The technical and non-technical guidance I received from my mentor, from AI4ALL, and from the larger network of other mentors and mentees was invaluable.

Using the working definition of cyberbullying as “willful and repeated harm inflicted through the use of computers, cell phones, and other electronic devices,” I experimented with an array of machine learning models for the purpose of creating a program that could detect and address cyberbullying in real time.

As someone who avidly uses social media for personal, academic, and professional communications as well as for informational purposes, I believe that having welcoming, safe, and constructive dialogue platforms is paramount to having fruitful conversations. Trolls, bots, and others who post toxic speech on platforms such as Facebook and Twitter not only undermine this culture of constructive dialogue but also cause harm on a personal level by triggering depression and self-harm, in severe cases.

My model consisted of the following general pipeline: loading a piece of text, turning that text into a numerical vector using a vectorizer, running the vector through a classifier algorithm, and determining if the text was toxic, severely toxic, identity attacking, insulting, threatening, obscene, or any combination thereof.

In my experiment, I tried the support vector machine (SVM) and Naive Bayes algorithms. Within SVMs, I tried the linear, RBF, sigmoid, and polynomial kernels. I also tried different vectorizers: the TFIDF vectorizer, the hashing vectorizer, the count vectorizer, and custom feature engineering, all in Python using scikit-learn. To train my models, I used textual data from the Kaggle Perspective API Challenge, which contained strings of text along with their binary labels for the six bullying categories in question. To compare the performance of these algorithm-vectorizer combinations, I measured each combination’s runtime, accuracy, and precision, recall, and F1 using both macro- and micro-averages. My results indicated that the SVM with the linear kernel (namely LinearSVC) was the quickest and most accurate; within that, the hashing vectorizer and the TFIDF vectorizer had comparable accuracies.

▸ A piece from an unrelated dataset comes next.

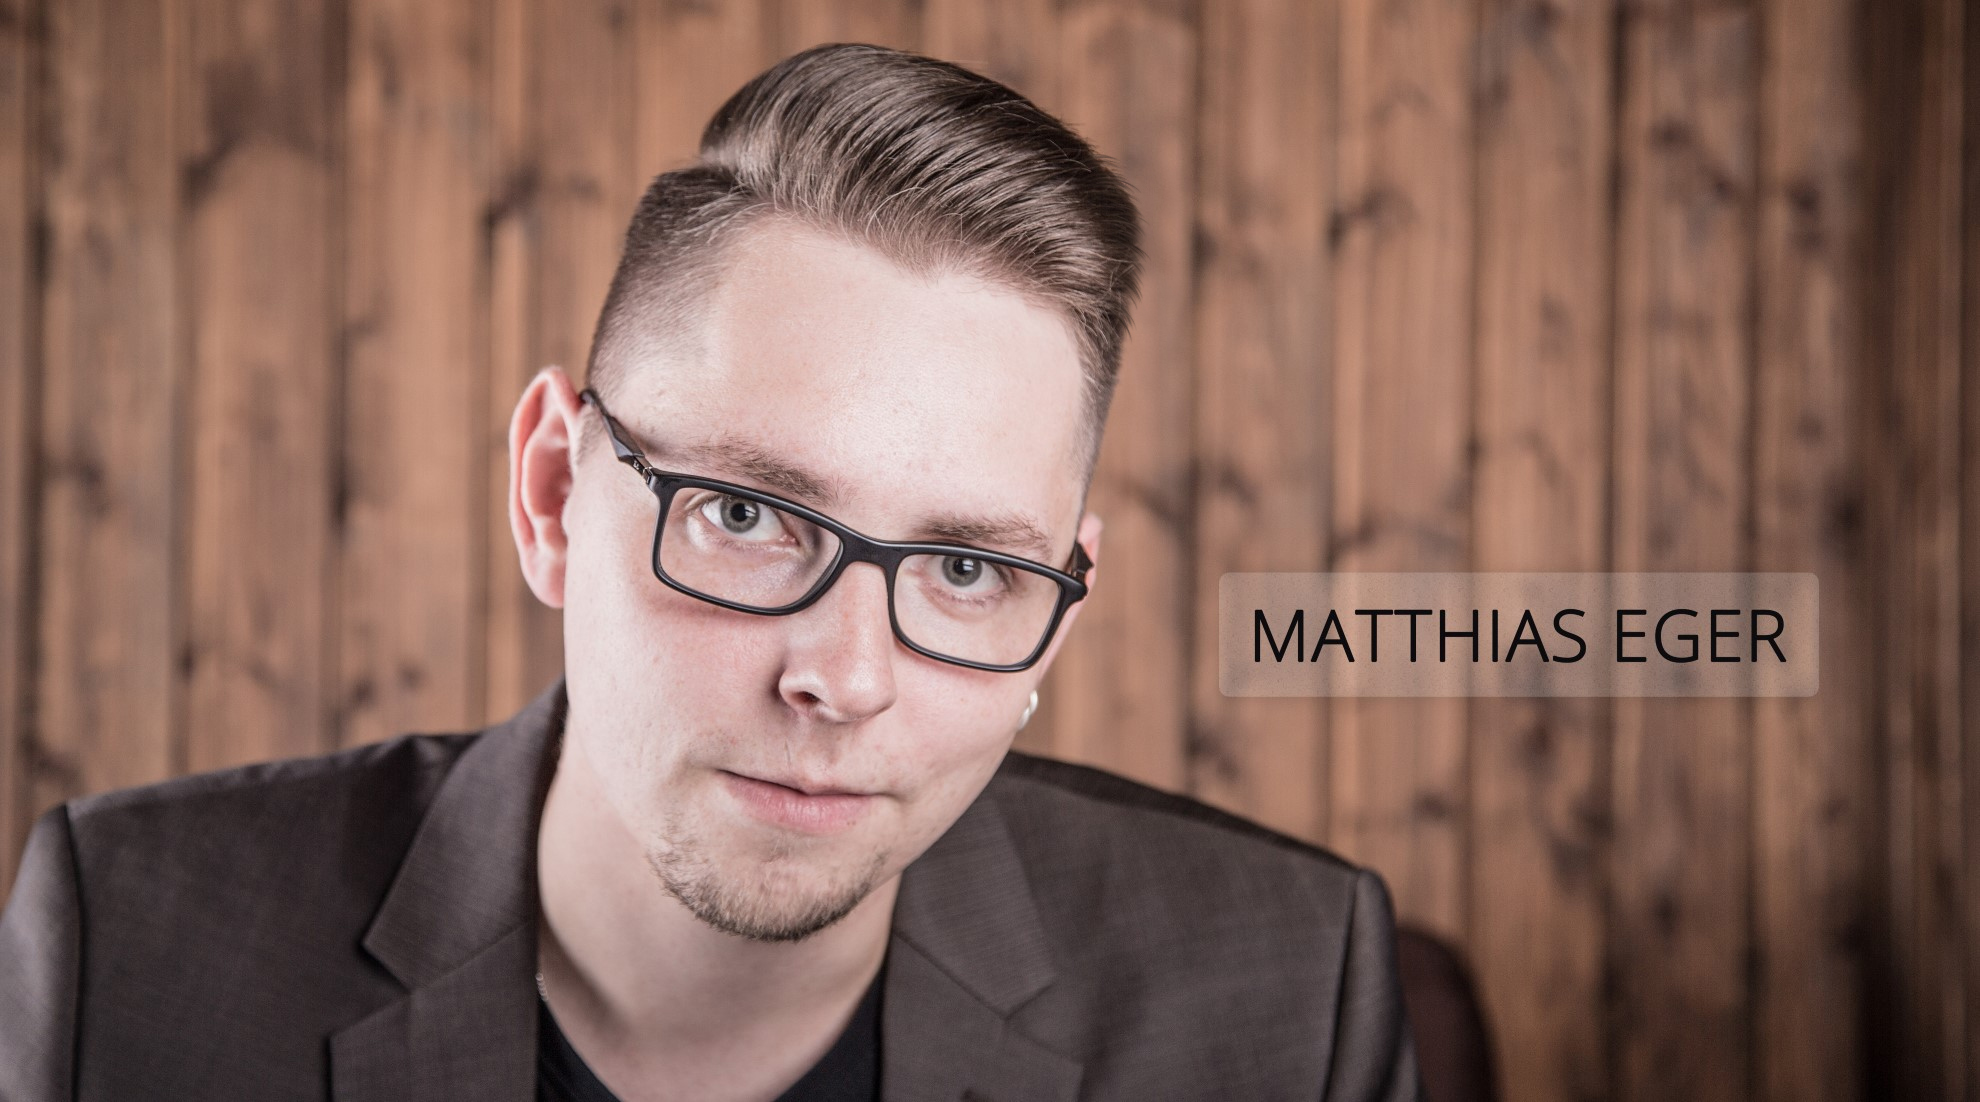 Matthias Eger

Taking a closer look, I tried a few variations on the LinearSVC algorithms. In addition to the default hashing and TFIDF vectorizers, I tuned the hashing vectorizer parameters to include a Euclidean normalization and tuned the TFIDF vectorizer to eliminate lowercase letter processing and include a sublinear term frequency modifier.

A closer look at Karina’s experiment results

The default hashing vectorizer and the modified TFIDF had similar accuracies, but hashing had a higher precision, while TFIDF had a higher recall. As recall measures the proportion of toxic texts that were recognized by the classifier, I determined that it was more important in this case. Between falsely flagging a clean piece of text and letting a toxic comment slip, the latter is much more dangerous. Therefore, I concluded that the modified TFIDF vectorizer with the LinearSVC classifier was optimal. Using the aforementioned pipeline, I diagrammed my final model.

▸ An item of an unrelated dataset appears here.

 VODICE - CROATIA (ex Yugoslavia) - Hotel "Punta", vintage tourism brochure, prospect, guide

In sum, the Kaggle training data is first fed into the vectorizer, and the vectorized data and labels are fed into the LinearSVC. Now, with the trained vectorizer and trained classifier, I could pass in a piece of text, vectorize it, and classify it. Watch a snapshot of the classifier in action below.

Humanly text classification demo

Now that I have a basic classifier, I hope to extend and improve my model. First, I hope to try some deeper learning methods such as LSTMs and convolutional neural networks. I also hope to try some more complex vectorizers such as GloVe, Mittens, and Word2Vec.

Ultimately, I would like to integrate my classifier in real-time on common social media platforms such as Facebook and Twitter to make the internet a safer and more welcoming space.

About Karina

Karina Halevy is a Los Altos High School junior, a Stanford AI4ALL 2016 alumna, and the founder of LingHacks — the world’s first high school computational linguistics conference and hackathon. Fusing her fluency in five languages and her penchant for math, she was drawn to computational linguistics at Stanford AI4ALL, when she created a classifier that connected people to resources during natural disasters. Karina also enjoys math modeling, piano, ballet, and scientific and policy research.